:: DATASET CONTENT ::

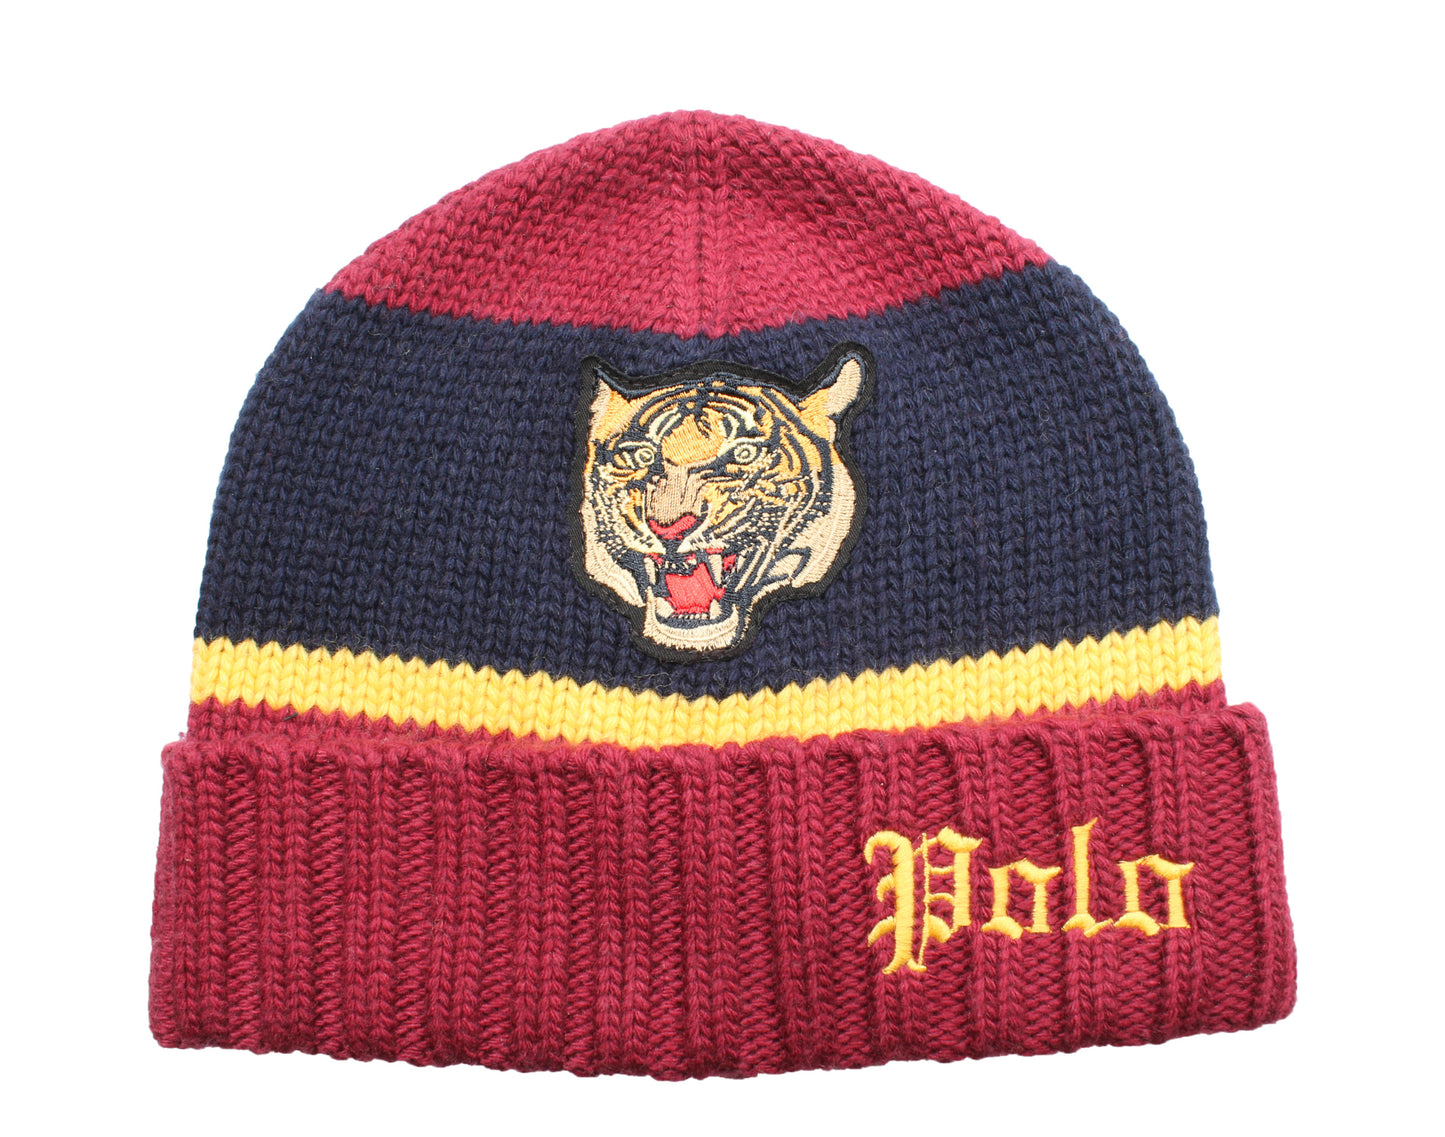 Polo Ralph Lauren Colorblocked Rugby Stripe Tiger Knit Cuffed Hat
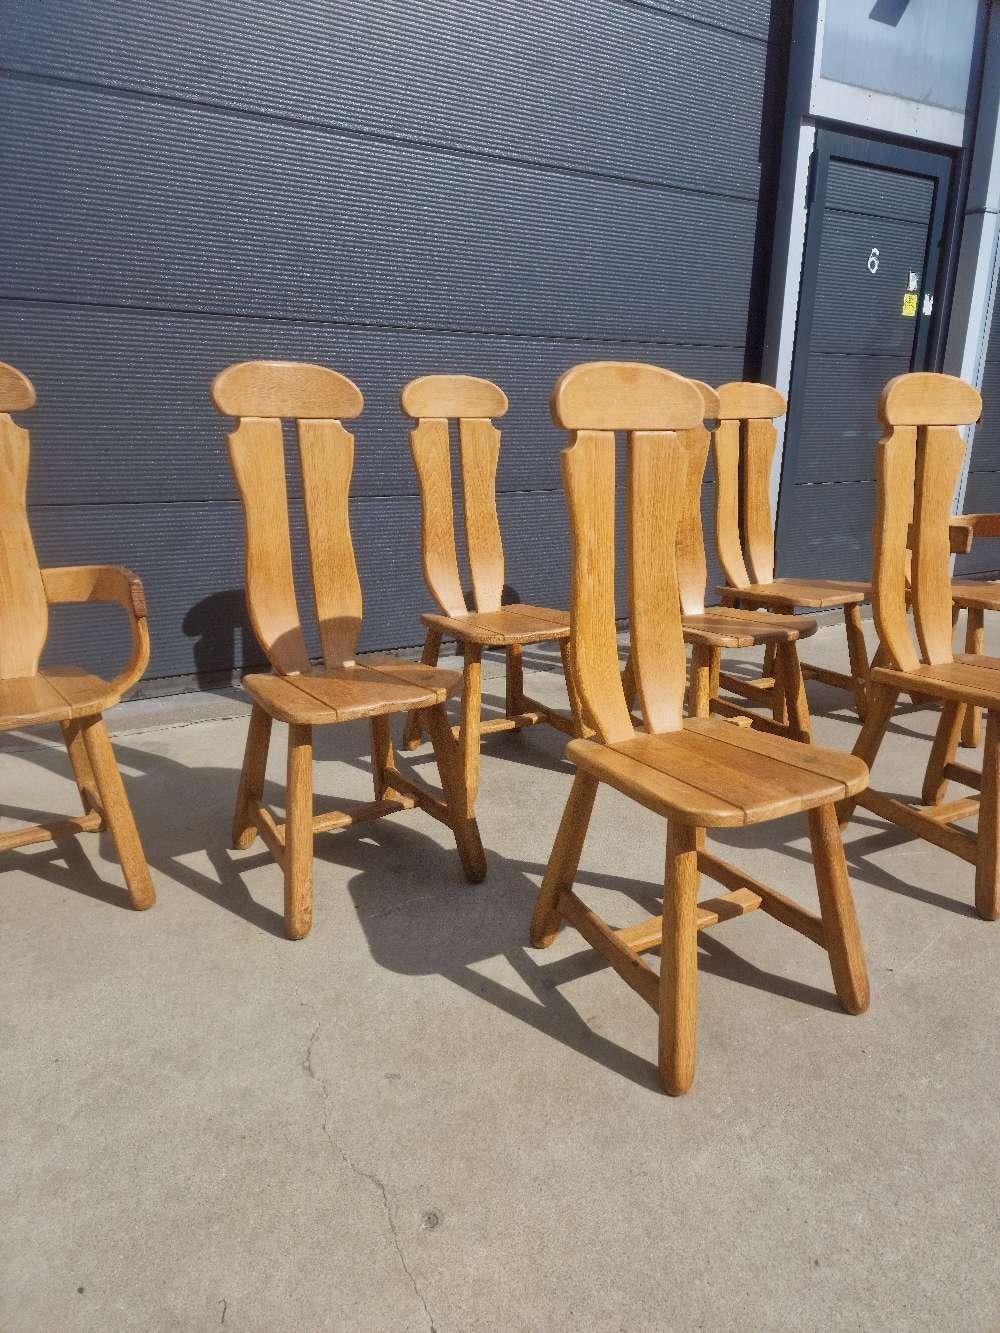 Late 20th Century Set of 8 Brutalist Oak Chairs from De Puydt, Belgium 1970s For Sale
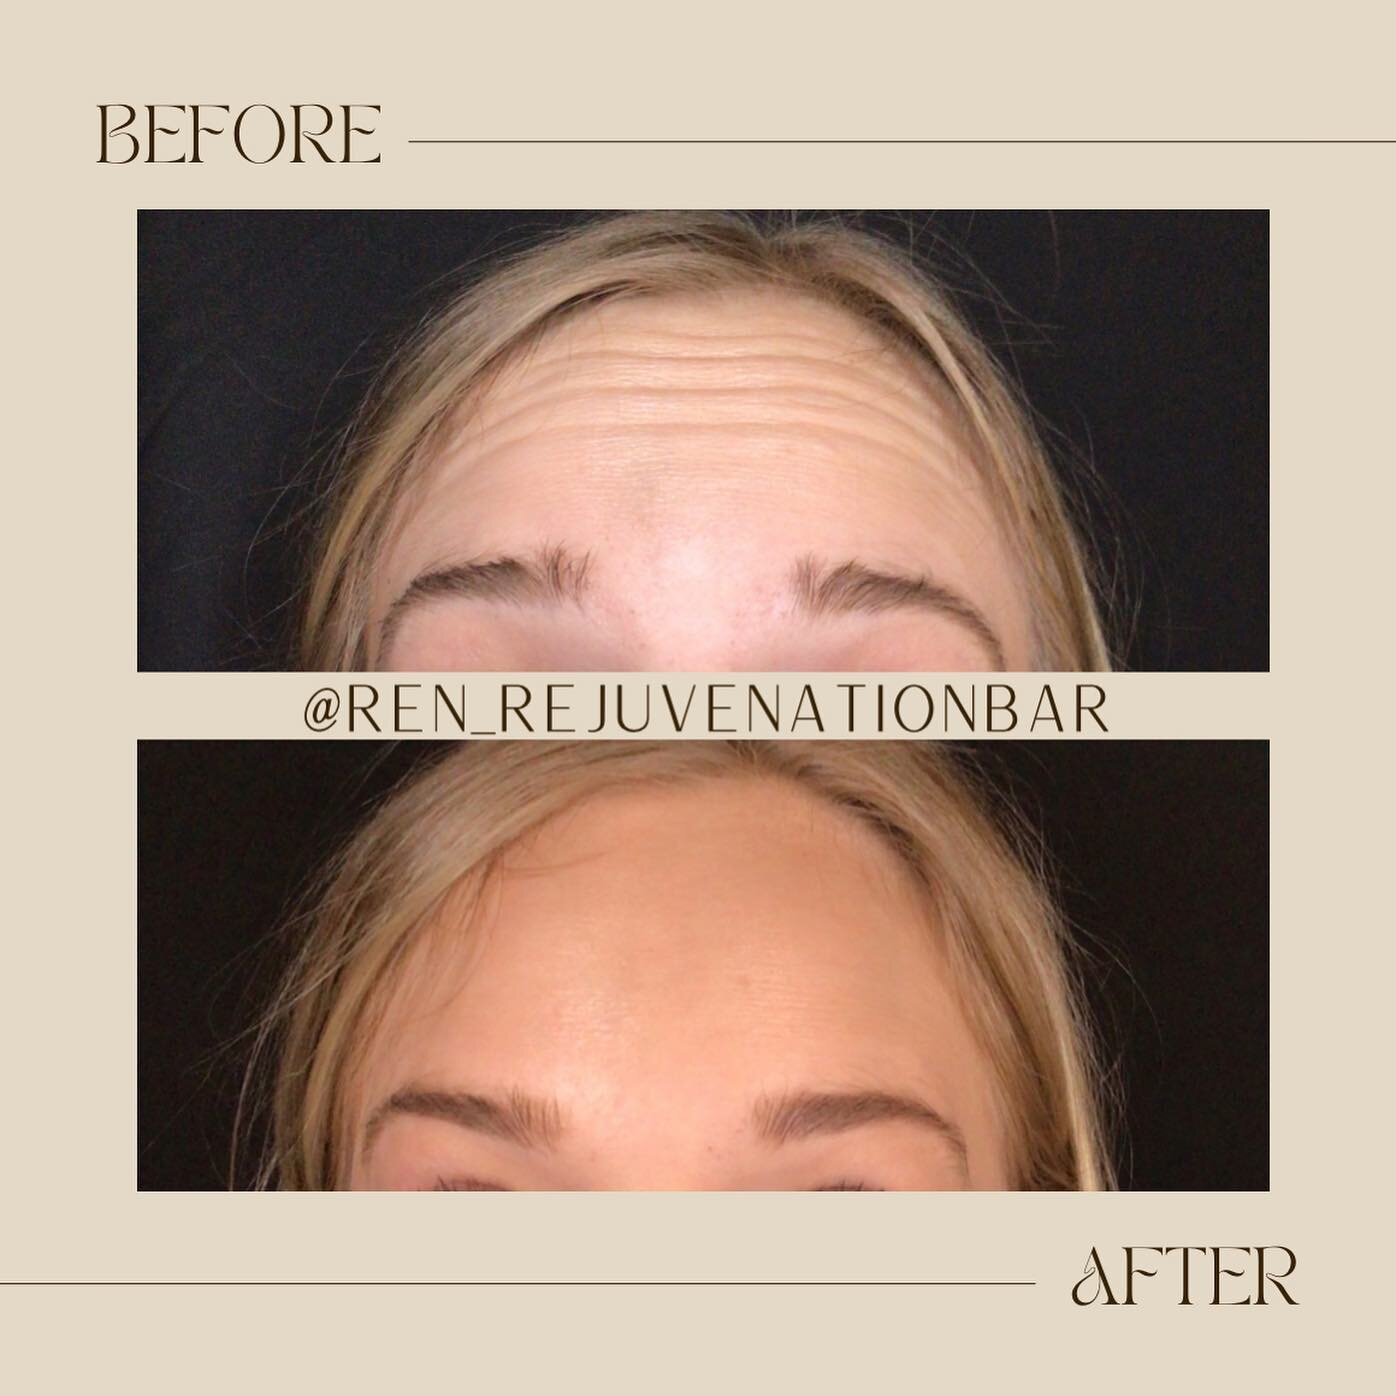 Preventative tox in your 20s helps prevent lines at rest (static lines) from forming. Your future self will thank you 😘

There&rsquo;s no perfect age to start aesthetic treatments&hellip;whether is the prevention, treatment or reversal of the aging

:: PROBLEM REQUIREMENTS ::
With pictures left out, repeat exactly the lines from the one containing "Late 20th Century" through the last line of the data above, inclusive, and nothing else.

:: ANSWER TO THIS PROBLEM ::
 Late 20th Century Set of 8 Brutalist Oak Chairs from De Puydt, Belgium 1970s For Sale
 Preventative tox in your 20s helps prevent lines at rest (static lines) from forming. Your future self will thank you 😘

There&rsquo;s no perfect age to start aesthetic treatments&hellip;whether is the prevention, treatment or reversal of the aging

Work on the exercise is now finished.